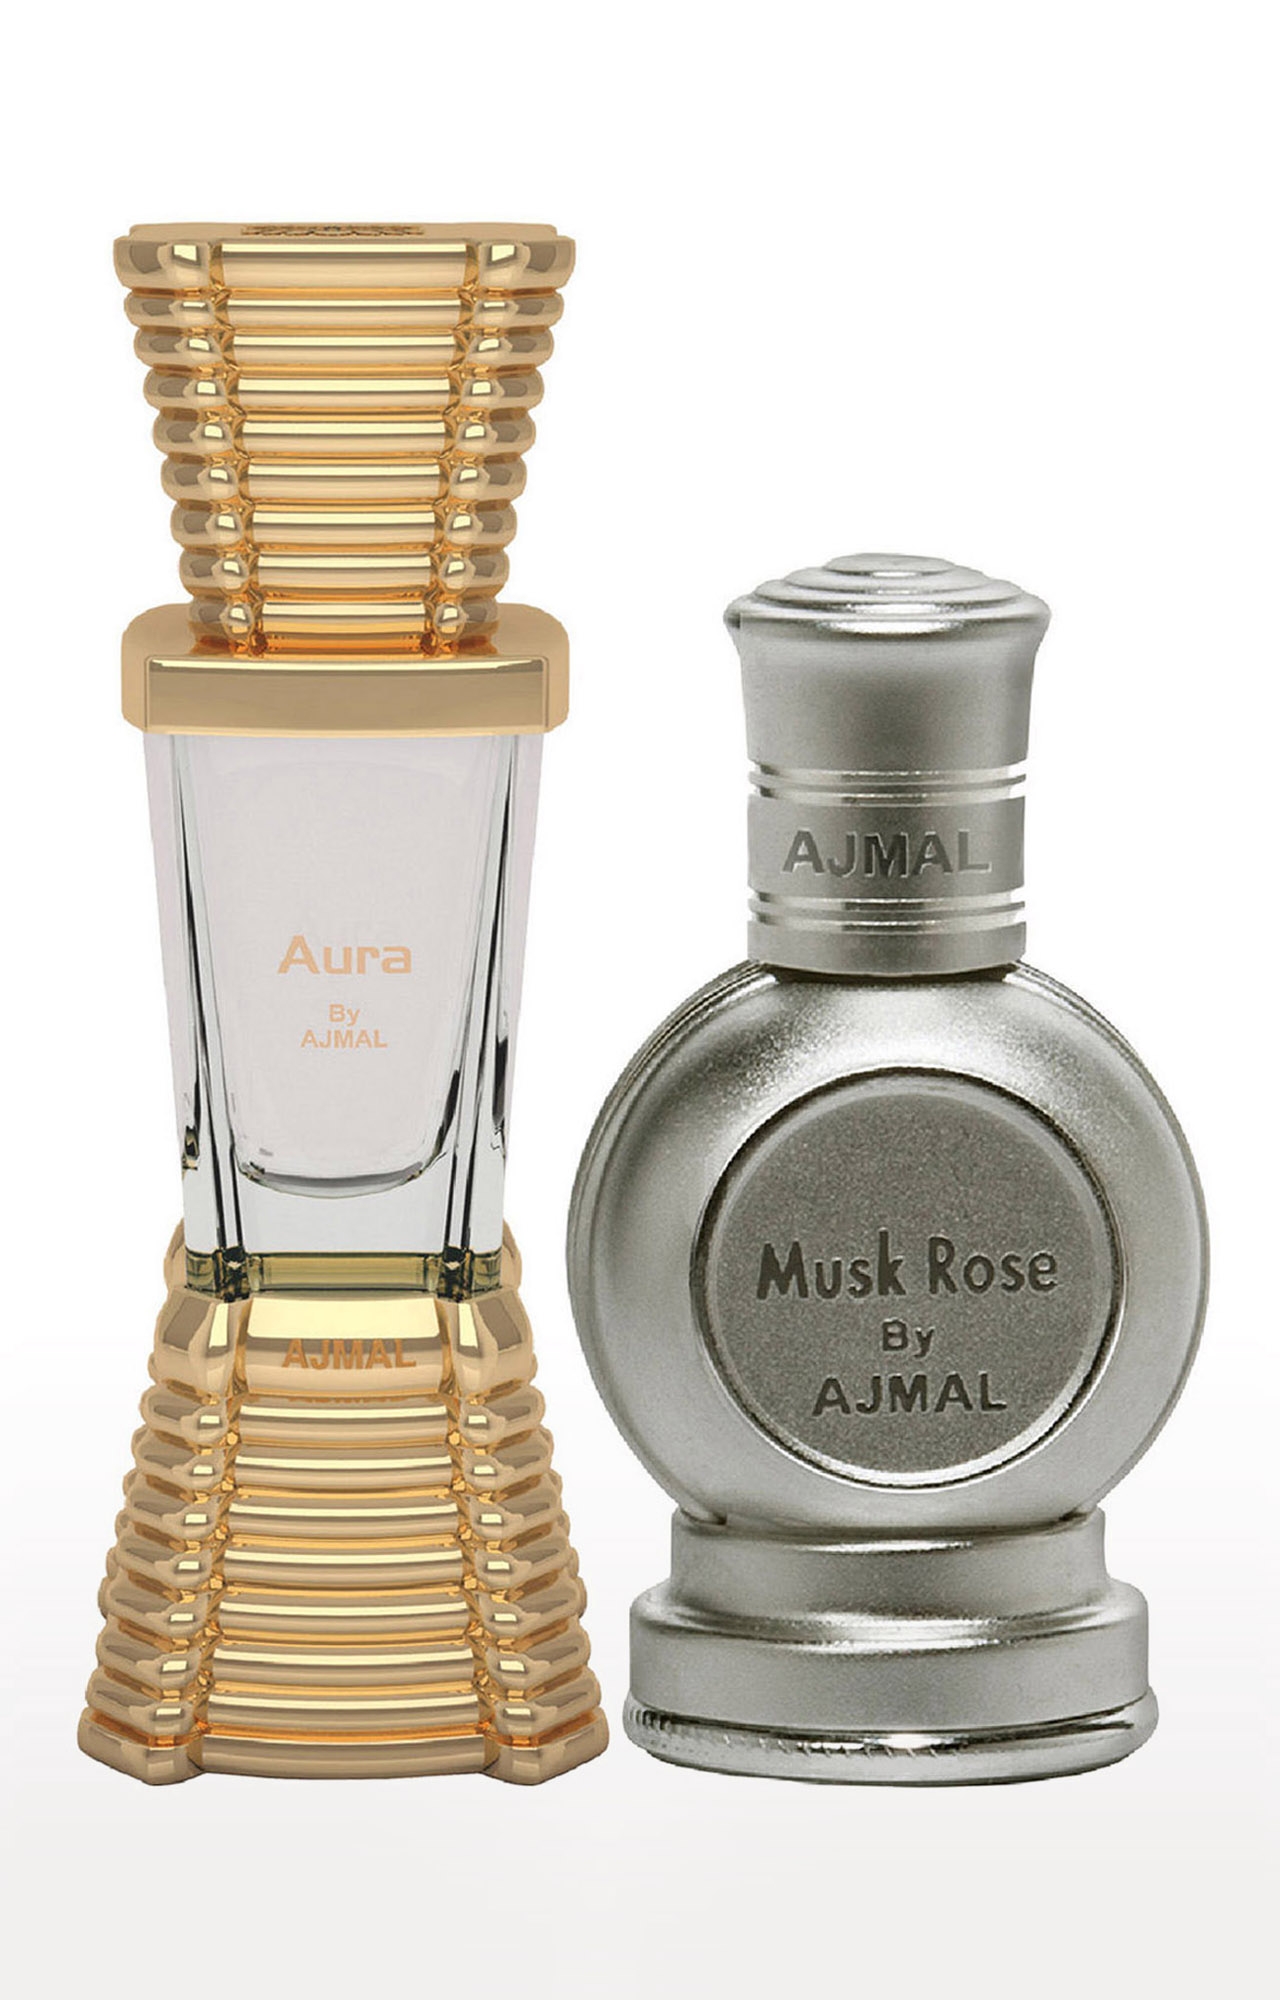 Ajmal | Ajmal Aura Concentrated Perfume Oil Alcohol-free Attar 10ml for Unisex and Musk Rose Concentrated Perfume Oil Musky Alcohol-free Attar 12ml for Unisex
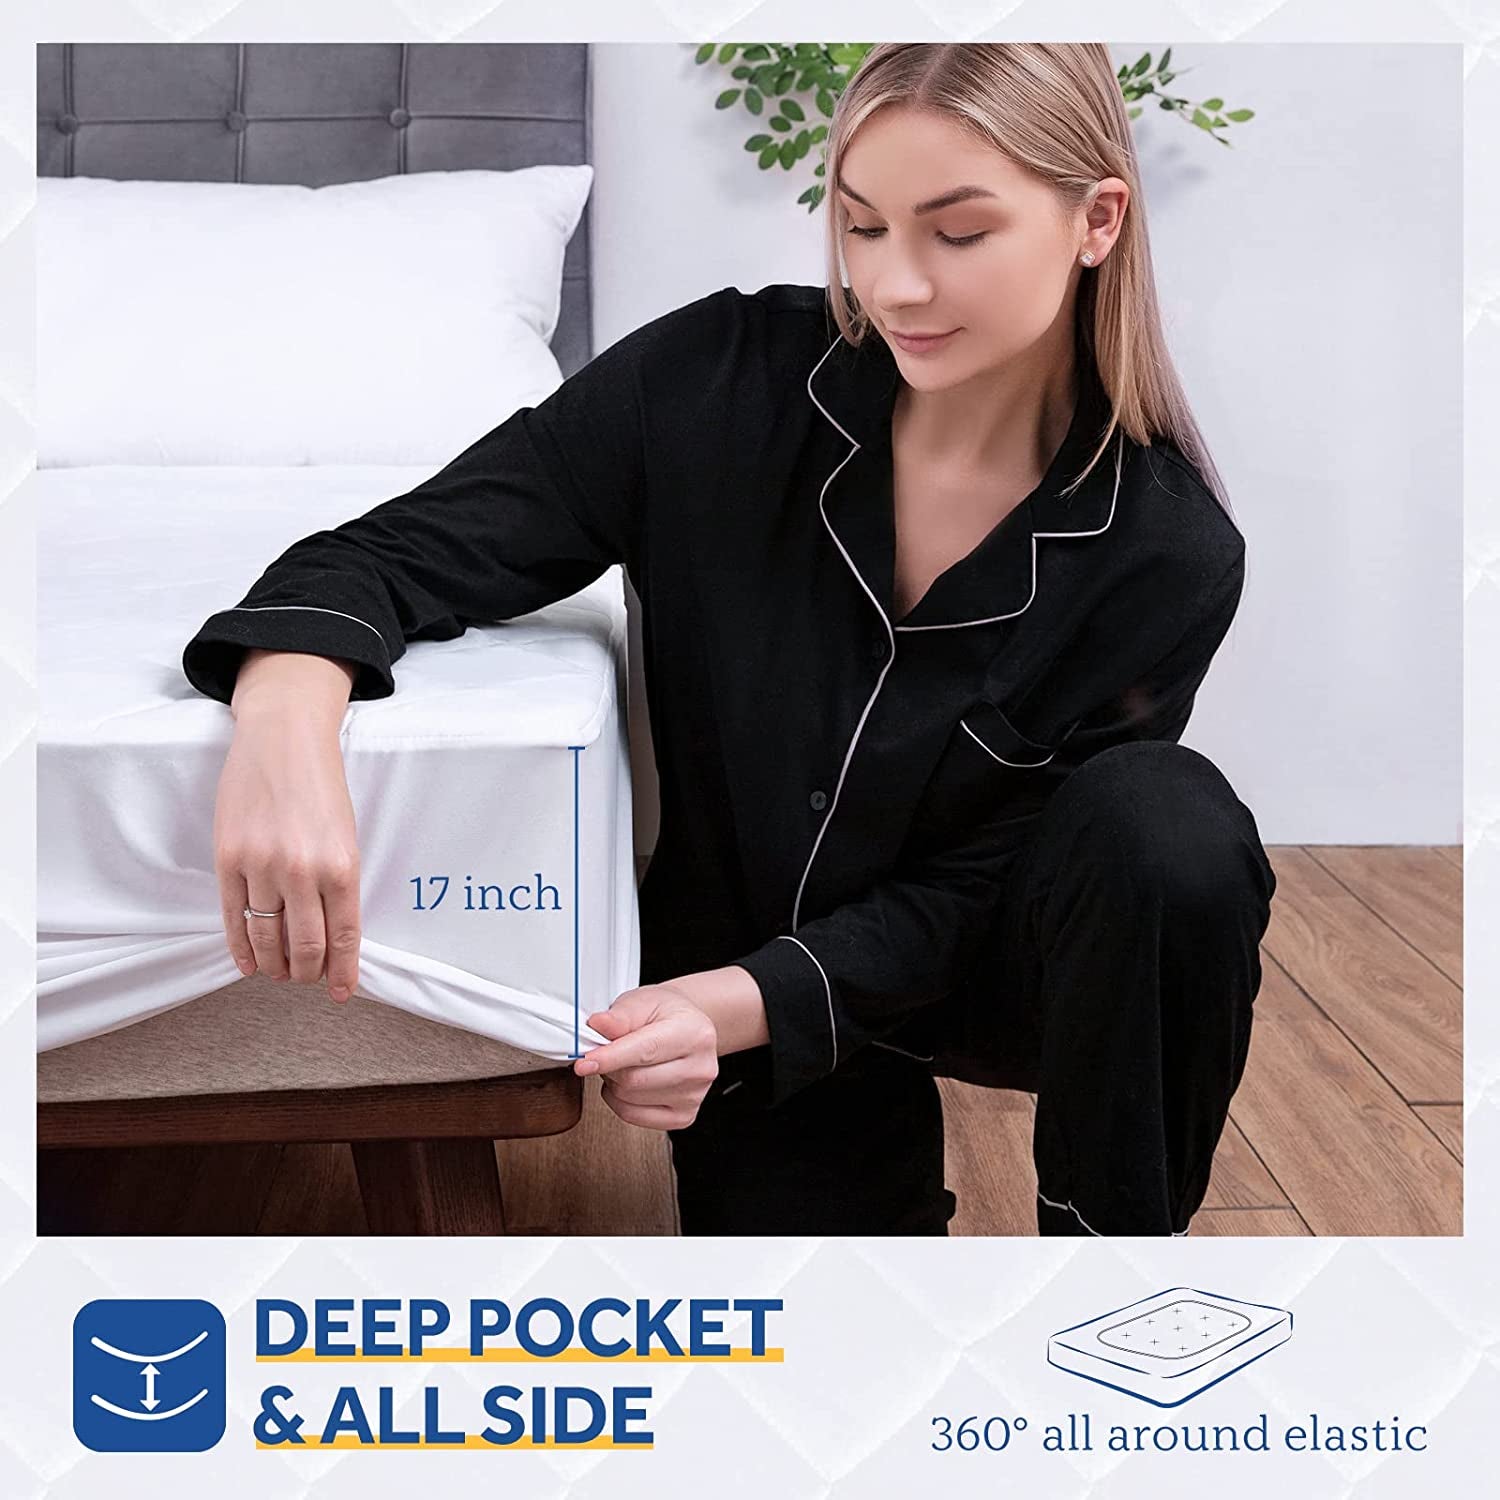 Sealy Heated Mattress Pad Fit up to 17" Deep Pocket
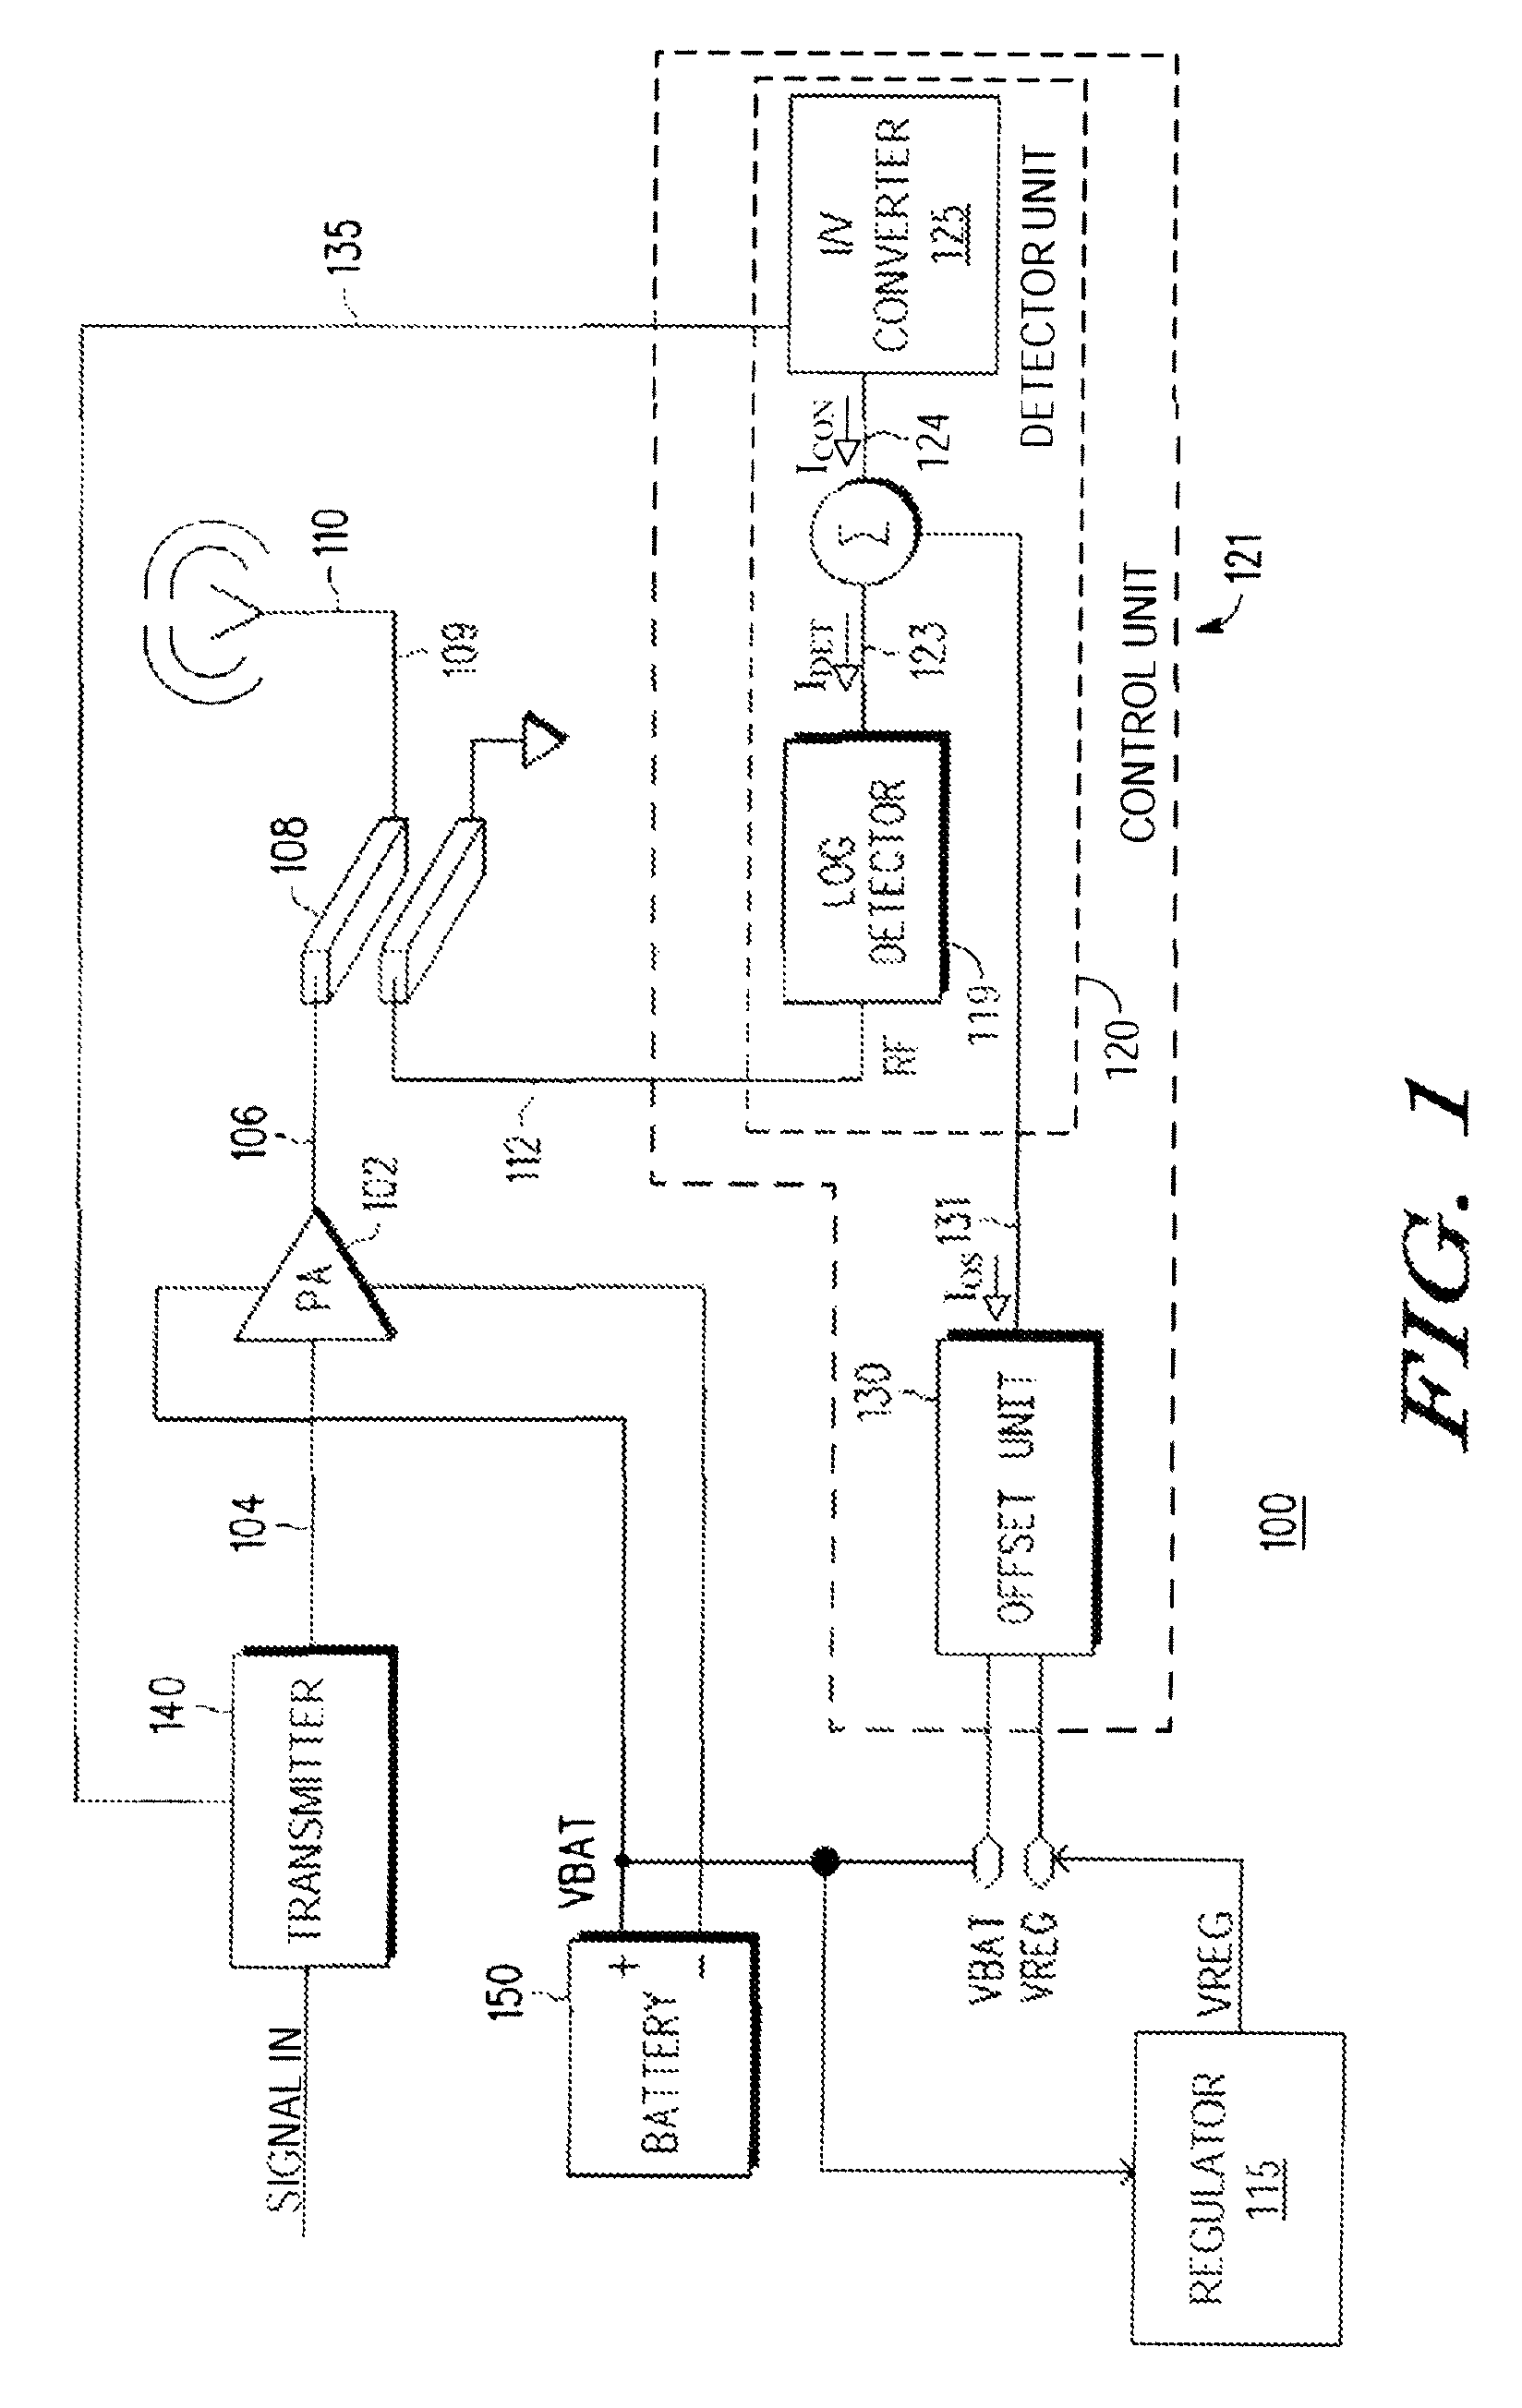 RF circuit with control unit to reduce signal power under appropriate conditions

What this task involves:
Exclude all images and retype the data precisely.

Problem solution:
 Ajmal | Ajmal Aura Concentrated Perfume Oil Alcohol-free Attar 10ml for Unisex and Musk Rose Concentrated Perfume Oil Musky Alcohol-free Attar 12ml for Unisex
 Sealy Heated Mattress Pad Fit up to 17" Deep Pocket
 RF circuit with control unit to reduce signal power under appropriate conditions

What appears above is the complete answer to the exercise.